Understand the challenges in sequencing a genome.

Chapter 2: Next-generation sequencing

Learn the next-generation sequencing (NGS) jargon underpinning genome assembly and annotation.
Understand the general principle of genome sequencing (wet-lab) and assembly (bioinformatics workflow) (see Figure 4.2).
Be familiar and know the limitations of the following NGS platforms (Satam et al., 2023):
- Illumina.
- PacBio.
- Oxford Nanopore.
Be accustomed to handle NGS data output, especially FASTA and FASTQ files.
Learn protocols to quantify the quality of the nucleobases generated by NGS platforms using Phred quality score.

Chapter 3: Genome databases

Understand the importance of computer science and bioinformatics in:
- Producing raw data.
- Creating databases in molecular biology.
- Archiving and careful curation of the data.
- Distributing them via the Internet.
- Creating information-retrieval tools to allow effective mining of the data for research application.
Gain knowledge on major molecular biology databases, which are key to the assembly and annotation of genomes:
- Nucleic acid sequences databases.
- Protein sequences databases.
- Gene ontology databases.
- Metabolic pathways databases.
- Specialized annotated genome portals.
Learn protocols to query genomic information and remotely download files from GenBank.
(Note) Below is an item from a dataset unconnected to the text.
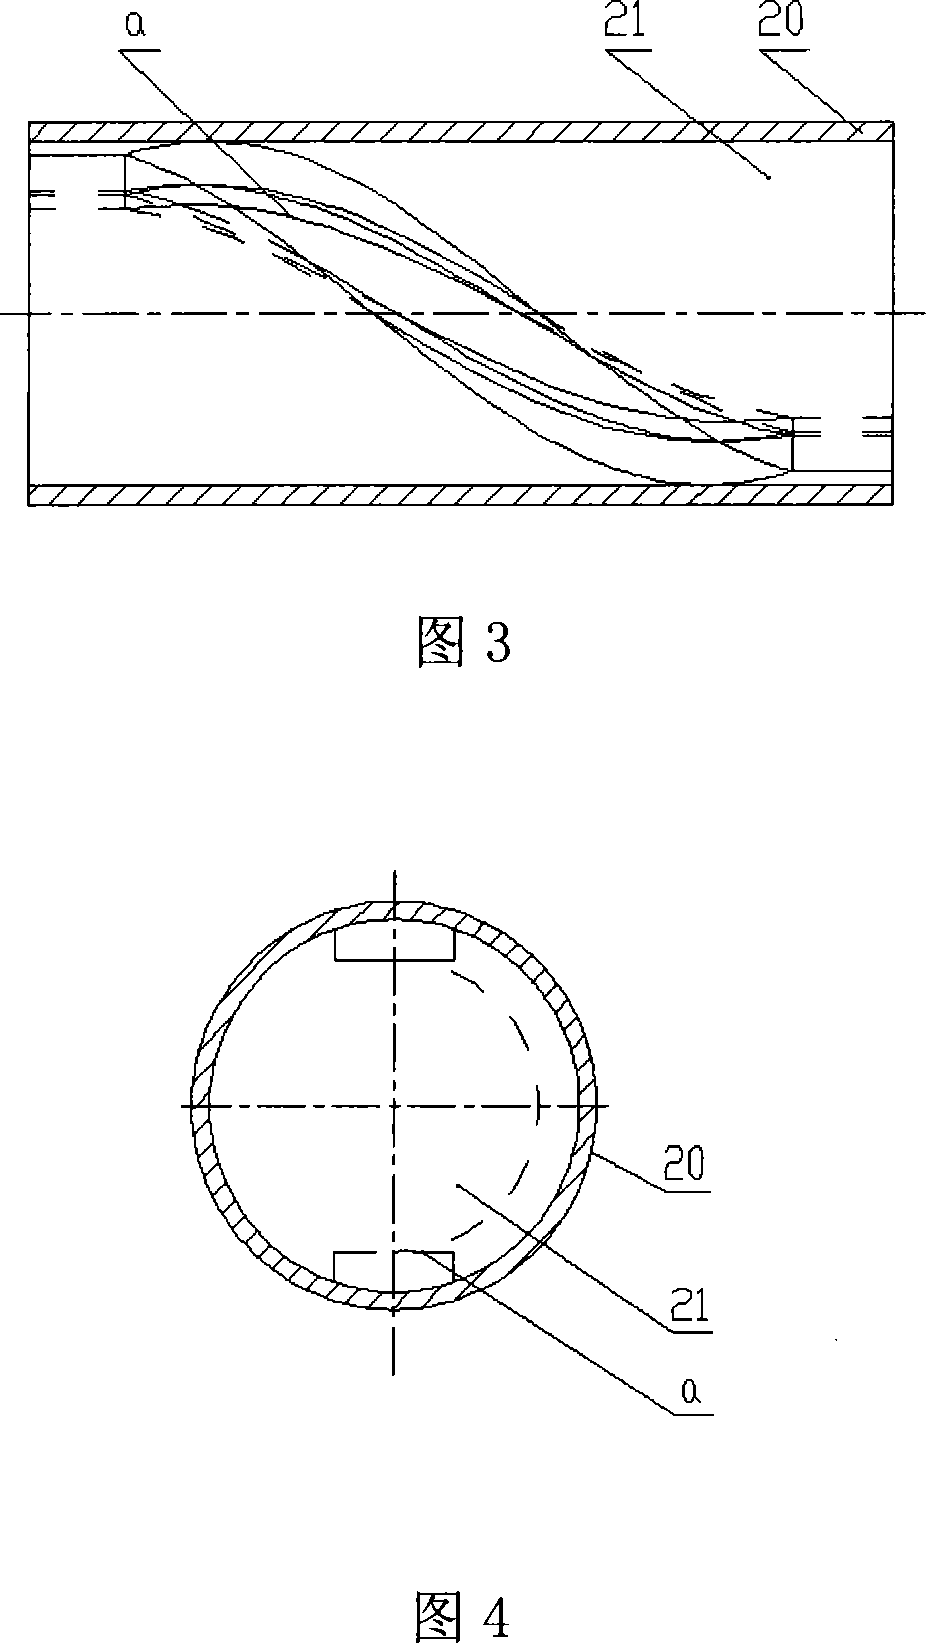 Small-sized bearing continuous roll-over spraying cleaning device

Chapter 4: Genome assembly

Understand key steps involved in producing a genome assembly and best strategies to get there.
Be able to perform reads quality checks as follows:
- Read quality assessments.
  - Read trimming.
  - Contaminant screening.
  - k-mer counting.
  - Genome size estimation.
  - Read error correction.
Understand the use of de Bruijn graphs for de novo genome assembly.
Gain an overview of current genome assemblers and their specificity.
Study the benefit of long reads in closing gaps and correcting draft genome assemblies.

Chapter 5: Transcriptome assembly

Learn about the types of RNA molecules in cell.
Study the link between the transcriptome and proteome via the genetic code.
Understand key steps involved in producing a transcriptome assembly and best strategies to get there. We will mostly compare referenced-based vs. de novo strategies, but also look at the “combined strategy”.
Gain an overview of current transcriptome assemblers and their specificity.

Chapter 6: Structural annotation

Learn what we exactly mean by the term “genome annotation”.
Understand key steps involved in genome annotation and best strategies to get there.
Be familiar with the following key stages of the structural genome annotation process:
- Repeat identification.
- Evidence alignment.
- Ab initio gene prediction.
- Evidence-driven gene prediction.
- Introduction to available structural annotation software.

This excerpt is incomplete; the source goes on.